__Work required__.
Transcribe only part of the material below: the lines from the one containing "Una veduta di" through the one containing "PEAK1™ 6-Person Dome Tent", inclusive, exactly as written.

=== Section Start ===

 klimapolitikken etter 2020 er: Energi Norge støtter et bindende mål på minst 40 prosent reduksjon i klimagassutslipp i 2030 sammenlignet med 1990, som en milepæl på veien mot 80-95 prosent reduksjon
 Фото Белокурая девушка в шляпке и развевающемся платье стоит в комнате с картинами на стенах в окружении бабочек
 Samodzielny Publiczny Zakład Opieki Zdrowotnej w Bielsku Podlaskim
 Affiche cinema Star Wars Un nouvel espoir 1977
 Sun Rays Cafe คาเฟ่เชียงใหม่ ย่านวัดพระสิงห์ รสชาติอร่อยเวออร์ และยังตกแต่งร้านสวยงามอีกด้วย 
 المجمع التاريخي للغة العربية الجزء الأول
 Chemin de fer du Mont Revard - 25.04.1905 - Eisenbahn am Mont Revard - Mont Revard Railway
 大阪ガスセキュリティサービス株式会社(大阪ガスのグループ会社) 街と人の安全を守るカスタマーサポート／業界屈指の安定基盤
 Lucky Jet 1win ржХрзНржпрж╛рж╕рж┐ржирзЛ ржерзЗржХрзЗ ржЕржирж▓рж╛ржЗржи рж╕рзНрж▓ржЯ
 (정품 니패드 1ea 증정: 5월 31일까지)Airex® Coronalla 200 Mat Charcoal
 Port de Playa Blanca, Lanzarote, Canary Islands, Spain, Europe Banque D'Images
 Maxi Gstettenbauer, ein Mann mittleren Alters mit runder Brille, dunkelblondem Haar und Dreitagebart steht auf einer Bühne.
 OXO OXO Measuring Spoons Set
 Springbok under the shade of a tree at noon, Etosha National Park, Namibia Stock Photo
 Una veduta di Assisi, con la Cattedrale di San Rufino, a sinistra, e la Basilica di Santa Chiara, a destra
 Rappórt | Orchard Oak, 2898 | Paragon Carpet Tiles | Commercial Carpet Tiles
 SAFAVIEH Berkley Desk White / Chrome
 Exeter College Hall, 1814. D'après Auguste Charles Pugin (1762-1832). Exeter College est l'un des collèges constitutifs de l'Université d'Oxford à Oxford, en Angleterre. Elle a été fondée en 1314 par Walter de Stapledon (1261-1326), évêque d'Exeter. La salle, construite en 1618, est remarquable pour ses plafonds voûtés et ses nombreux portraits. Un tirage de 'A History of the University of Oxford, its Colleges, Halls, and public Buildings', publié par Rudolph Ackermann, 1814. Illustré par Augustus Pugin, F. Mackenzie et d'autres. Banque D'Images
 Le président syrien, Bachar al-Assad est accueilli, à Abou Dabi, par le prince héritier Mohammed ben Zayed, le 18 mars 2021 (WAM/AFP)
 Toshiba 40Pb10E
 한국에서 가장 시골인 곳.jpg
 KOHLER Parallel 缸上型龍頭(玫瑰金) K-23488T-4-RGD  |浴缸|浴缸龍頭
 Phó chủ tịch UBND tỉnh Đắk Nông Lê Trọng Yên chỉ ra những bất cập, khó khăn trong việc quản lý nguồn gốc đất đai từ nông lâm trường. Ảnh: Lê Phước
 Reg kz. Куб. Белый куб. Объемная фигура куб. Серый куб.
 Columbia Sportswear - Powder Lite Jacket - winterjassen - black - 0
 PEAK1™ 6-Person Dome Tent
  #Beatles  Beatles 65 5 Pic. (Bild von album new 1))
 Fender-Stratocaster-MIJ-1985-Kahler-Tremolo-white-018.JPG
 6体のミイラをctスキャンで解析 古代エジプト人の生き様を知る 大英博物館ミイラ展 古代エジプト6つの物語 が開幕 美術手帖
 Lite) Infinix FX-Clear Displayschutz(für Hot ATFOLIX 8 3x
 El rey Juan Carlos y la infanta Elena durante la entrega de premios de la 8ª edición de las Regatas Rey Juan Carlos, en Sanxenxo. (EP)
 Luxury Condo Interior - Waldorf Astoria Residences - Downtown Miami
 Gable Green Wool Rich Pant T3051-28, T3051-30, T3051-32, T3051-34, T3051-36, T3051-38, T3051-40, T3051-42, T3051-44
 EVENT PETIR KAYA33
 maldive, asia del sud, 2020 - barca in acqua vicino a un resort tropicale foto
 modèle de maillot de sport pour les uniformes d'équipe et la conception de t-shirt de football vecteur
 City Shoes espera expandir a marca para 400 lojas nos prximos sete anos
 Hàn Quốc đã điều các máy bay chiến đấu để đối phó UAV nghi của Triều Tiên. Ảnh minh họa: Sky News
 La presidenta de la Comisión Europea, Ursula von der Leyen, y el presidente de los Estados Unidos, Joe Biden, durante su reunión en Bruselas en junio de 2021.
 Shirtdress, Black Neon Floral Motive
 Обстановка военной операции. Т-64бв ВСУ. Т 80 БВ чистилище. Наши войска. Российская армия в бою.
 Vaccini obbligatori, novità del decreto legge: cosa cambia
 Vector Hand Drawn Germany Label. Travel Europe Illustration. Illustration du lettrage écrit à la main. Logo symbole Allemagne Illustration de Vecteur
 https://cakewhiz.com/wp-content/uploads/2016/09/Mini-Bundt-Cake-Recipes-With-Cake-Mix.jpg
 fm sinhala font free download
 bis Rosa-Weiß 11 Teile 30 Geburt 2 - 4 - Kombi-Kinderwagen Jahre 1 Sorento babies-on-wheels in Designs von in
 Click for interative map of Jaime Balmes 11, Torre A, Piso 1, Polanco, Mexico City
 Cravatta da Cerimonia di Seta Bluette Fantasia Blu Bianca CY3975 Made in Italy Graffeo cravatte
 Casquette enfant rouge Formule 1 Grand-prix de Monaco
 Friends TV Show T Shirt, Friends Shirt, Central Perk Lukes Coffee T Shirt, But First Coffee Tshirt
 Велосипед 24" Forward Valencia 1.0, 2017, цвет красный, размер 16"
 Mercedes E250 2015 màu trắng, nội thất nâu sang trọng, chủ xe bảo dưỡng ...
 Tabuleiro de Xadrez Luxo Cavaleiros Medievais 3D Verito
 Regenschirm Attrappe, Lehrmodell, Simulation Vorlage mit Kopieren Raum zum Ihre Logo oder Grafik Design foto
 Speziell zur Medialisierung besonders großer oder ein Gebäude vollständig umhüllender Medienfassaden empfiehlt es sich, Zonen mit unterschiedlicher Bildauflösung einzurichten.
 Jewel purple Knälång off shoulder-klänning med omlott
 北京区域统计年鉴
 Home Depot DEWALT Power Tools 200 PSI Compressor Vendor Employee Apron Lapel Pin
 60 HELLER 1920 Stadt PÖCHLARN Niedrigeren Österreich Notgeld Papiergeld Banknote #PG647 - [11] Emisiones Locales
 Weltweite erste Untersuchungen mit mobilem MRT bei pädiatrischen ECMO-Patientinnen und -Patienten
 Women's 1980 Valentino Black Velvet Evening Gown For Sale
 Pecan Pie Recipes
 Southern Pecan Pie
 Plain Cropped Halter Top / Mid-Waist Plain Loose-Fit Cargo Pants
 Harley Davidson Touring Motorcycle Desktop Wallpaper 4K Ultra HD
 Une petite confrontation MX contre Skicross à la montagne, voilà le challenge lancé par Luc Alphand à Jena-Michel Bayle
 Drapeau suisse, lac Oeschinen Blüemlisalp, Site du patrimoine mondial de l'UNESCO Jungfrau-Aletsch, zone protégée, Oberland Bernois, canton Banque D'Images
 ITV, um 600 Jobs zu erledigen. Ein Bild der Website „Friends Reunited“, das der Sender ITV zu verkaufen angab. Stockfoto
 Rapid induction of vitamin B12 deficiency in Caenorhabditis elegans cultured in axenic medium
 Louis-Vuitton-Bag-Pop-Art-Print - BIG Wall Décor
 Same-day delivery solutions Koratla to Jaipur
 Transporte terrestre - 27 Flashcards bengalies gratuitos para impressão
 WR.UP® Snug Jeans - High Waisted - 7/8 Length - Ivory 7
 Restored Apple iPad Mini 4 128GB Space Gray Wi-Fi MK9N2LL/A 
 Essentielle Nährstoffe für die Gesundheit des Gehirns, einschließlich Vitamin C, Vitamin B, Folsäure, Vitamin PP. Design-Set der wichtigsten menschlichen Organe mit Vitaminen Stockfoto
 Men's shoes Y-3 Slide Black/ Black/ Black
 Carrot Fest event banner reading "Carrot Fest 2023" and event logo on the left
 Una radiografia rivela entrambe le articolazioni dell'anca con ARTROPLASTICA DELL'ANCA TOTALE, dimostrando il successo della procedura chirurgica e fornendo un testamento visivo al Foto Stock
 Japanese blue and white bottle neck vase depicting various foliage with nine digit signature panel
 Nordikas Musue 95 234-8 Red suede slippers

=== Section End ===

__Answer for this exercise__.
 Una veduta di Assisi, con la Cattedrale di San Rufino, a sinistra, e la Basilica di Santa Chiara, a destra
 Rappórt | Orchard Oak, 2898 | Paragon Carpet Tiles | Commercial Carpet Tiles
 SAFAVIEH Berkley Desk White / Chrome
 Exeter College Hall, 1814. D'après Auguste Charles Pugin (1762-1832). Exeter College est l'un des collèges constitutifs de l'Université d'Oxford à Oxford, en Angleterre. Elle a été fondée en 1314 par Walter de Stapledon (1261-1326), évêque d'Exeter. La salle, construite en 1618, est remarquable pour ses plafonds voûtés et ses nombreux portraits. Un tirage de 'A History of the University of Oxford, its Colleges, Halls, and public Buildings', publié par Rudolph Ackermann, 1814. Illustré par Augustus Pugin, F. Mackenzie et d'autres. Banque D'Images
 Le président syrien, Bachar al-Assad est accueilli, à Abou Dabi, par le prince héritier Mohammed ben Zayed, le 18 mars 2021 (WAM/AFP)
 Toshiba 40Pb10E
 한국에서 가장 시골인 곳.jpg
 KOHLER Parallel 缸上型龍頭(玫瑰金) K-23488T-4-RGD  |浴缸|浴缸龍頭
 Phó chủ tịch UBND tỉnh Đắk Nông Lê Trọng Yên chỉ ra những bất cập, khó khăn trong việc quản lý nguồn gốc đất đai từ nông lâm trường. Ảnh: Lê Phước
 Reg kz. Куб. Белый куб. Объемная фигура куб. Серый куб.
 Columbia Sportswear - Powder Lite Jacket - winterjassen - black - 0
 PEAK1™ 6-Person Dome Tent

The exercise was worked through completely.